この本はベジ・スイーツと呼ぶ、からだにやさしい洋菓子作りを紹介するものです。食の世界の流れの中で、今最も注目されているのが、健康に配慮した料理です。この流れは洋菓子の世界でも例外ではありません。
洋菓子は嗜好品として味覚(おいしさ)と視覚(うつくしさ)を追求して、日常的な食品として幅広く定着してきました。

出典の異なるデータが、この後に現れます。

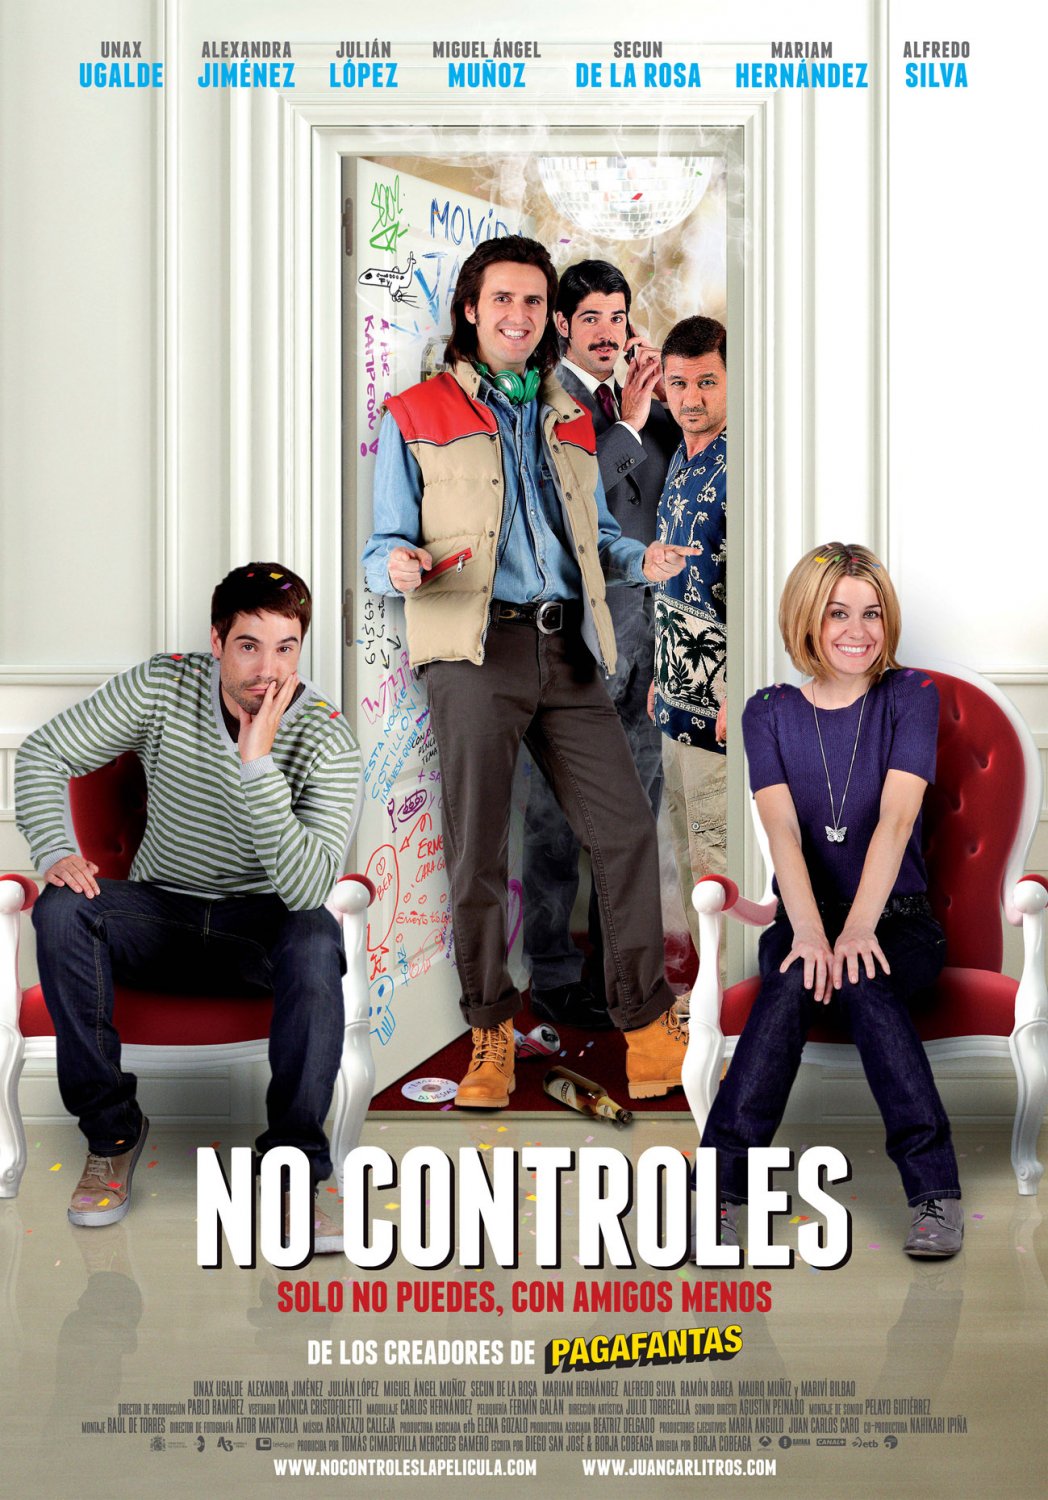 Extra Large Movie Poster Image for No controles (#7 of 7)

この洋菓子が味覚と視覚の価値を保ちながら、どのようにして健康に配慮した商品が作れるのか?
この試みが本書の目的です。
健康に配慮した料理と洋菓子は、すでに小社既刊、料理と健康シリーズ
「ナチュラル・ホールフード・クックブック」
「スーパーファストフード」
「ベジ・ダイニング」
で、その考え方が紹介されました。
本書掲載の商品は、これら書籍で紹介された商品を基にして、オリジナル商品を加えて、配合・製法で分類分けして、プロの視点で「ベジ・スイーツ」という新分野を形作る第一歩となります。
本書構成は3章に分けられます。
第1章は「ホールフード・スイーツ」。
ホールフードの洋菓子作りです。洋菓子の基本構成を「小麦全粒粉+卵+酪農品+天然甘味料」として、小麦全粒粉やキビ砂糖、メープルシロップなどを使用した菓子作りです。
第2章は「ベジ・スイーツ、植物性素材の洋菓子」。
植物性素材で作る「焼き菓子・乾き菓子(クッキー類)・クリーム菓子・チョコレート」などです。植物性油脂や豆腐、ナッツペーストなど、植物性素材の特長を生かしています。
第3章は「小麦全粒粉のパン」。
毎日の食卓に、健康に配慮した小麦全粒粉を使ったパンを取り上げています。
これらに共通するのは商品価値を素材選択に求める試みでもあります。